The city-owned Alamodome was built in 1993 as a football stadium when the city was trying to attract a National Football League team. It was home to the Spurs until the 2002-03 season.
The aging arena is not outfitted with the amenities fans are used to and needs technology and lighting improvements, and local leaders say it must be renovated if San Antonio is to hold its own in vying with other cities for exhibition games, trade shows and other events.
RELATED: We've located 7 downtown sites where the San Antonio Missions could build a new baseball stadium
That was the impetus for recent state legislation that would allow the city to take the state’s cut of sales taxes generated by any hotel within 3 miles of the Convention Center and Alamodome, an area called the “project financing zone.” The city’s overall take would be an estimated $222 million; the measure, approved by the legislature, makes the Alamodome, Convention Center and any “arena, coliseum, stadium” or other facility for sporting events eligible for that funding.
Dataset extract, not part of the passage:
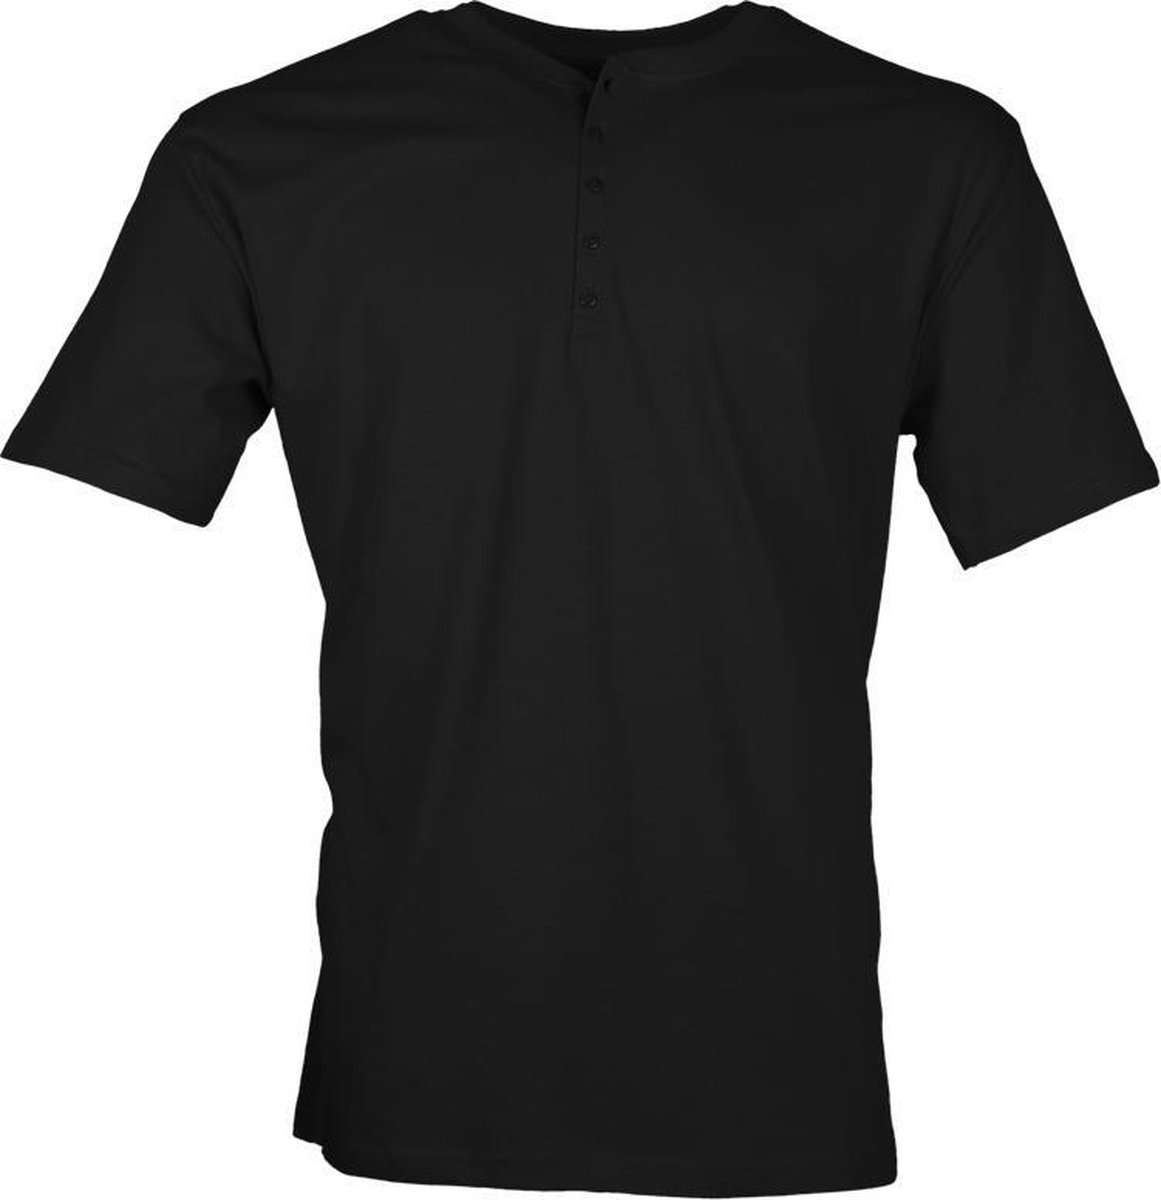 Losan Basic - Heren T-Shirt - Korte Mouw - Ronde Hals - Knoopjes - Zwart - Maat M

The dome hosts the annual Alamo Bowl and the University of Texas at San Antonio Roadrunners and San Antonio Brahmas football games.
The ITC is just across Interstate 37 from the Alamodome and near several hundred apartments built by developers with Opportunity Home San Antonio, formerly known as the San Antonio Housing Authority. UTSA is considering options that include moving the ITC or renovating the building that it occupies.
The university has not been approached about a stadium, said spokesperson Joe Izbrand.